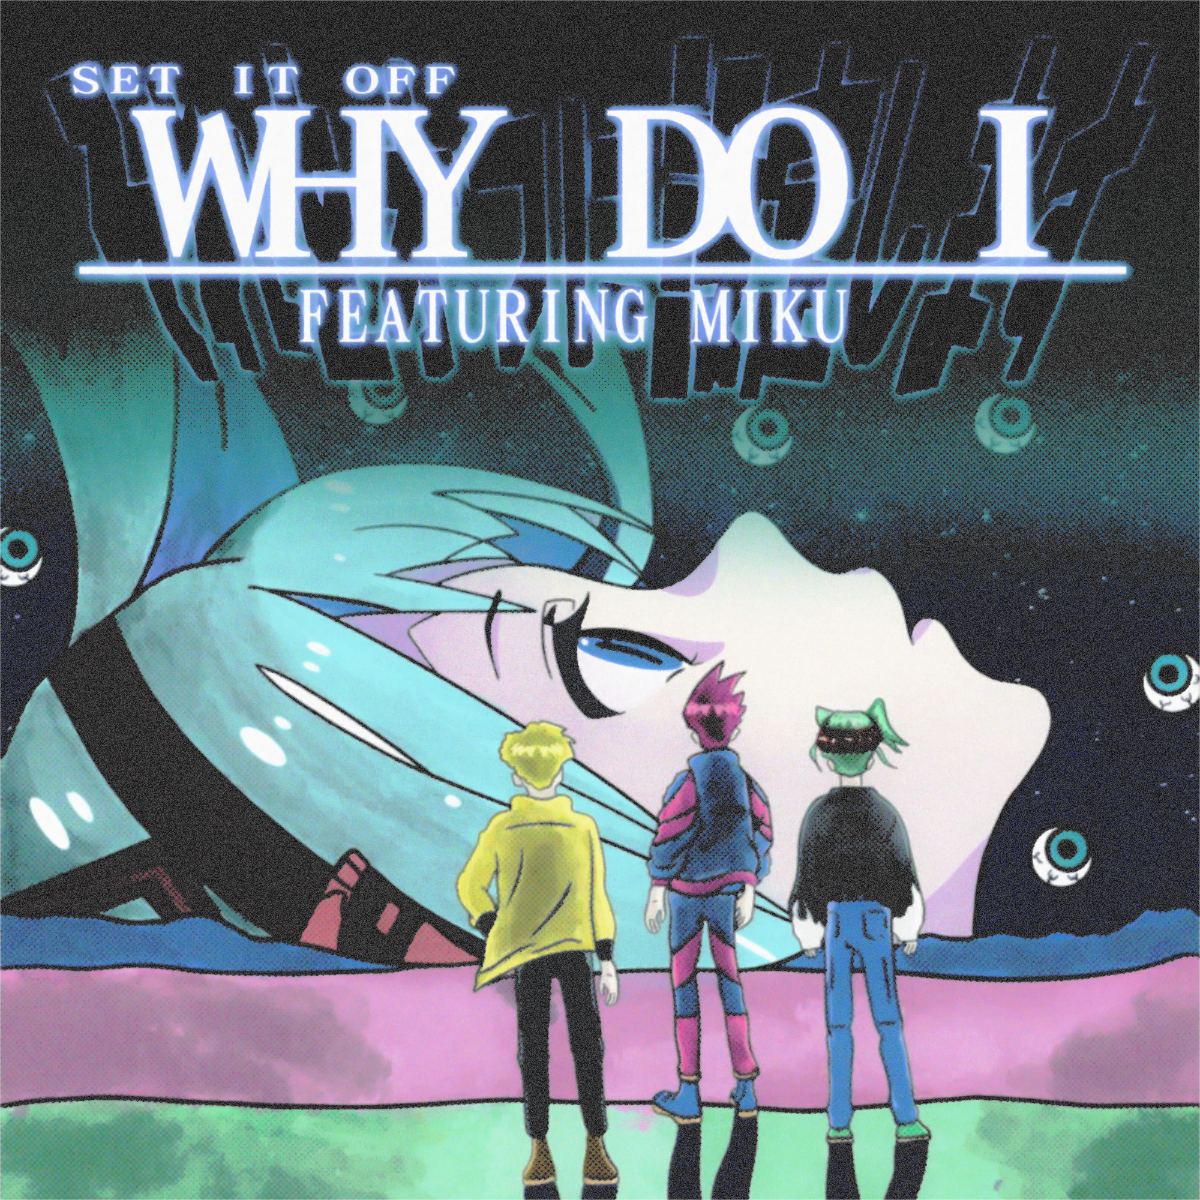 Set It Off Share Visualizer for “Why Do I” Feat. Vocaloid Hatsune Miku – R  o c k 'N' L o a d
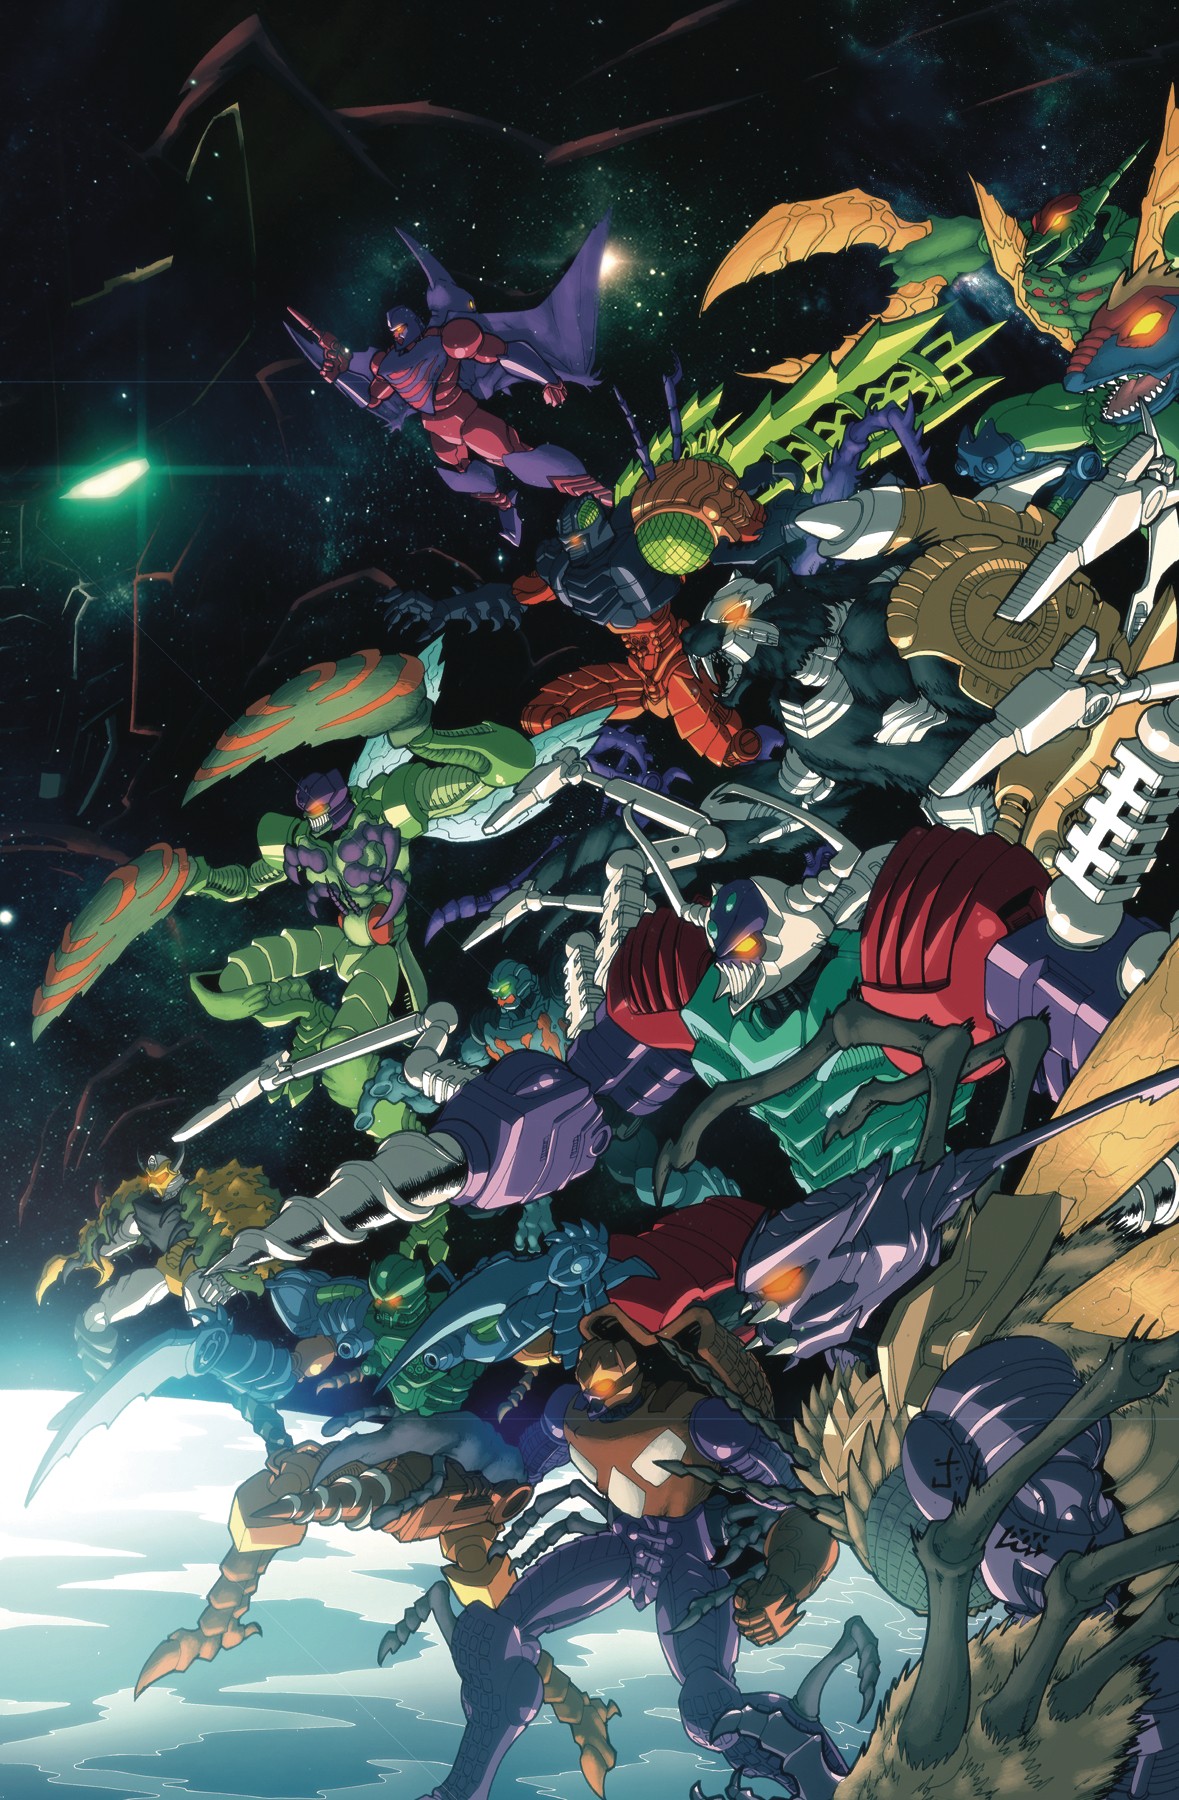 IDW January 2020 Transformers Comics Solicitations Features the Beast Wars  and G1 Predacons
--
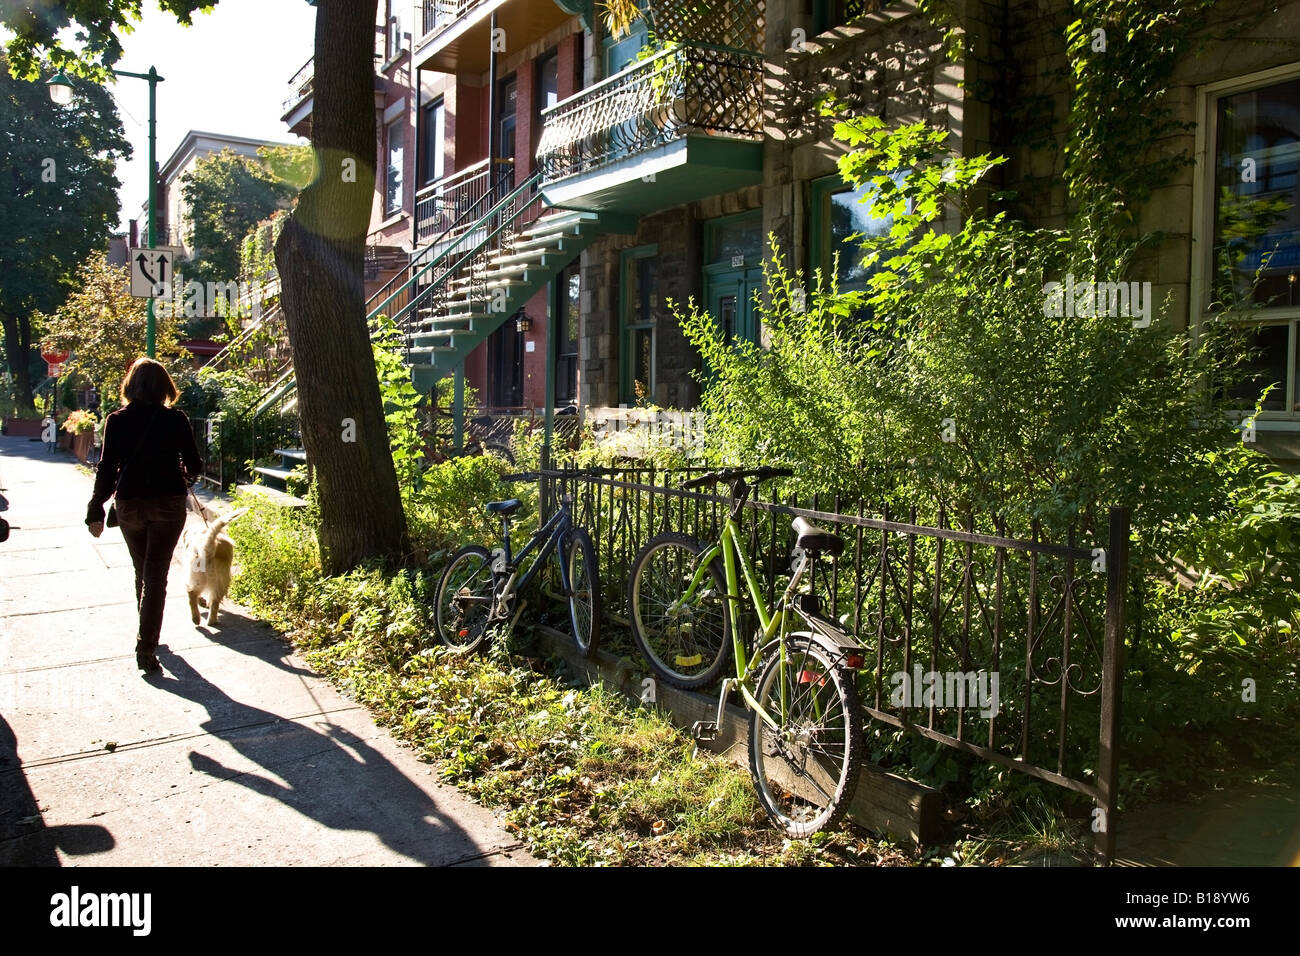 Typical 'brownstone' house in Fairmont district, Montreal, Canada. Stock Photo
==
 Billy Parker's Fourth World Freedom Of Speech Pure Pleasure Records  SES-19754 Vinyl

What the task requires:
Above are the records; copy from them only the lines starting at the one containing "Set It Off Share" and ending at the one containing "IDW January 2020", exactly and without pictures.

Result of the task:
 Set It Off Share Visualizer for “Why Do I” Feat. Vocaloid Hatsune Miku – R  o c k 'N' L o a d
 IDW January 2020 Transformers Comics Solicitations Features the Beast Wars  and G1 Predacons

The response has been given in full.